Updated on August 10, 2019
Rodric29 profile image

Sometimes writers distance themselves from religious subjects when writing. Religion is still taboo to speak about. Read about it instead.

Ever question the sanity of someone of significant importance after hearing something antithetical to reason leave his or her lips? Years ago, my mother-in-law as a child was a true believer in Santa Claus like most children her age. Each year she waited for the gifts that Santa would bring on her best behavior until the day she discovered that the White man in the red suit was an invention of the Coca-cola company, a figurehead for the true Santa: her mother and father!

Reeling in disappointment, Mom declared, "Adults ain't nothing but a bunch of damn liars!" She determined to question everything they told her from that moment on.

Reasoning as a child, Mom did not have the understanding that Santa was an idea that helped children behave better. She did not comprehend that one day that she would grow to adulthood with the privilege to pass on this cultural phenomenon to her children. Honesty as her shield to inoculate her children from disappointment, Mom never taught them to believe in Santa.

My mother, also disappointed in not receiving the things she asked of Santa in her youth taught her kids, "I'm yo Santa Claus. I wish a White man would come down my chimney talking about bringing me some presents now, hmph!"

For these two women, being deceived into believing one way while the truth was another caused a break in cultural continuity. Their children felt left out growing up as the other children believed in Santa and even deified them secretly hoping their mothers were wrong. (I know. I was one of them.)

In the story below, see if logic with limited understanding is the way to go.

Mother with Santa

Frantically, the theologian rushed through the city streets to greet the famous philosopher noised about throughout the city and surrounding territory. Transcendent described the teachings of this new bend of this master of thought on an old way of living. The theologian spent his life in the study of religion and philosophy now with the opportunity to meet the one man who seems to have made his life come alive in meaning.

In the crowd of people on the noisy street, he glimpsed the entourage of the philosophical revolutionary he so dearly wanted to meet. As he hurried closer begging his pardon along the way from those whom he brushed with his body, he saw him!

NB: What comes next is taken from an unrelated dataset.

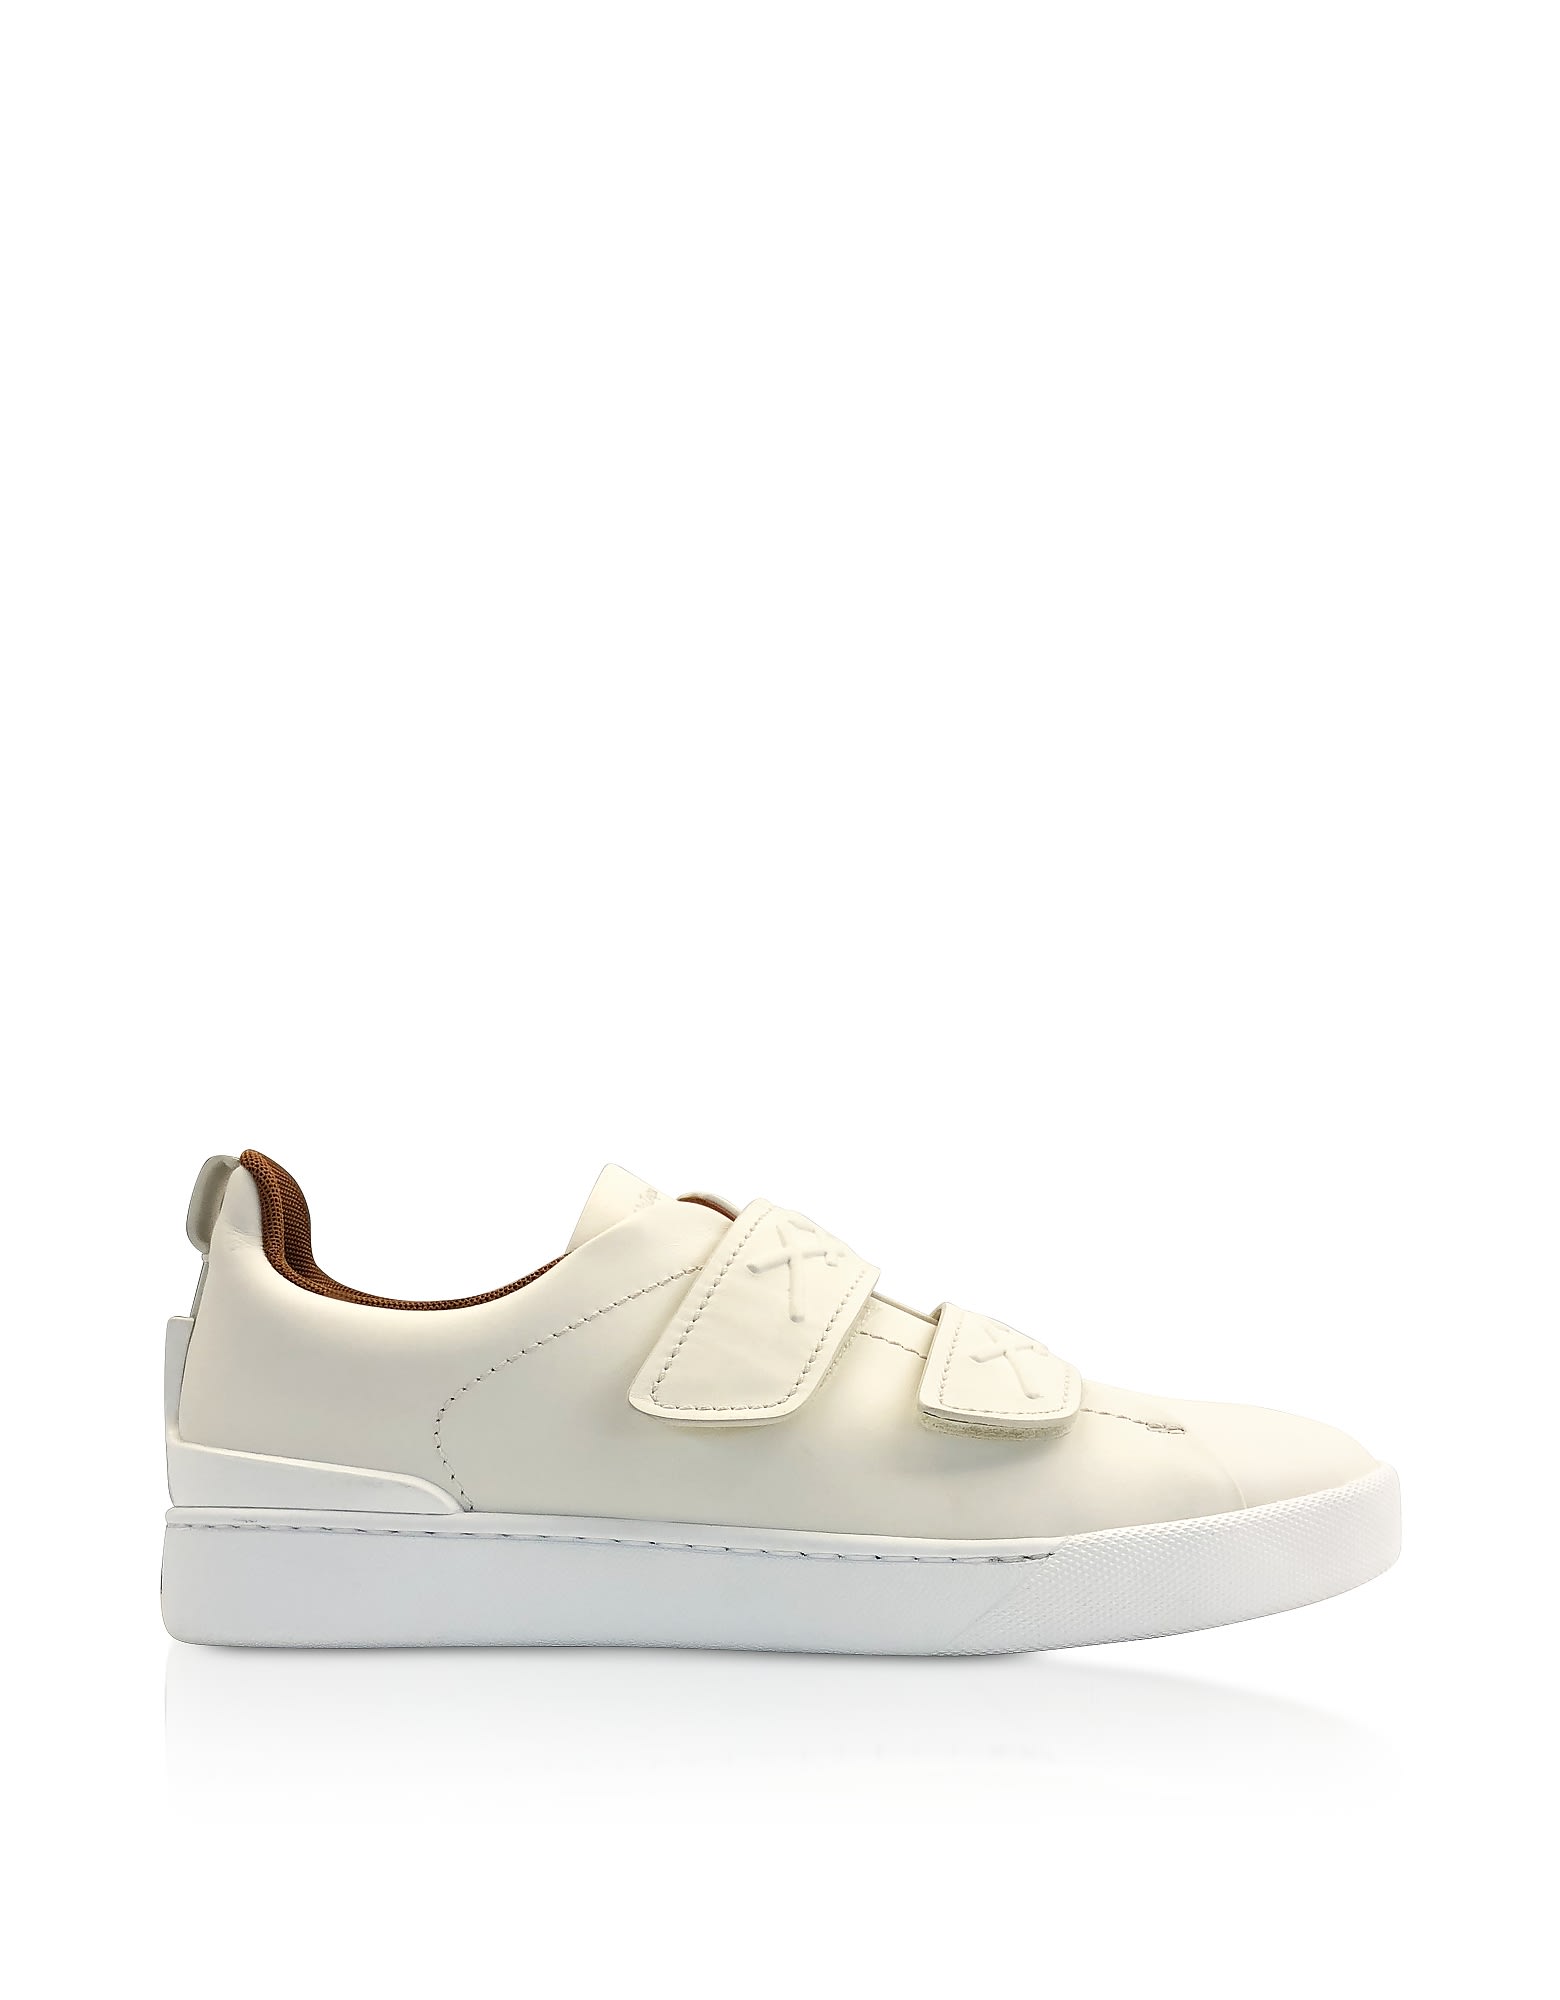 Ermenegildo Zegna White Leather Low-top Sneakers

Giddy child he became, he giggled aloud as he drew near, somehow finding himself standing in front of the man pleasantly smiling towards him with an inquisitive gaze about the theologian's presence and excited face.

"What a pleasure it is to meet you," raced from the theologian's lips. The revolutionary nodded his head of acceptance.

"Sir, it would be my honor to join your school of thought and learn the new application of reasoning and faith that you espouse. Like these people," he pointed to the entourage of supporters, "I offer my support financially to help."

Looking deeply into the theologian's eyes for a few moments, the revolutionary philosopher smiled as he said, "Foxes have holes, and birds have nests, but the man you seek to follow has nowhere to lay.".

Immediately the theologian took to preparations to remedy the situation, however, another in the entourage who also sought to pledge his fortune in the cause earnestly desiring the revolutionary's leave stating, "I am with you. Let me attend to my fathers funeral arrangements and I will be fully focused."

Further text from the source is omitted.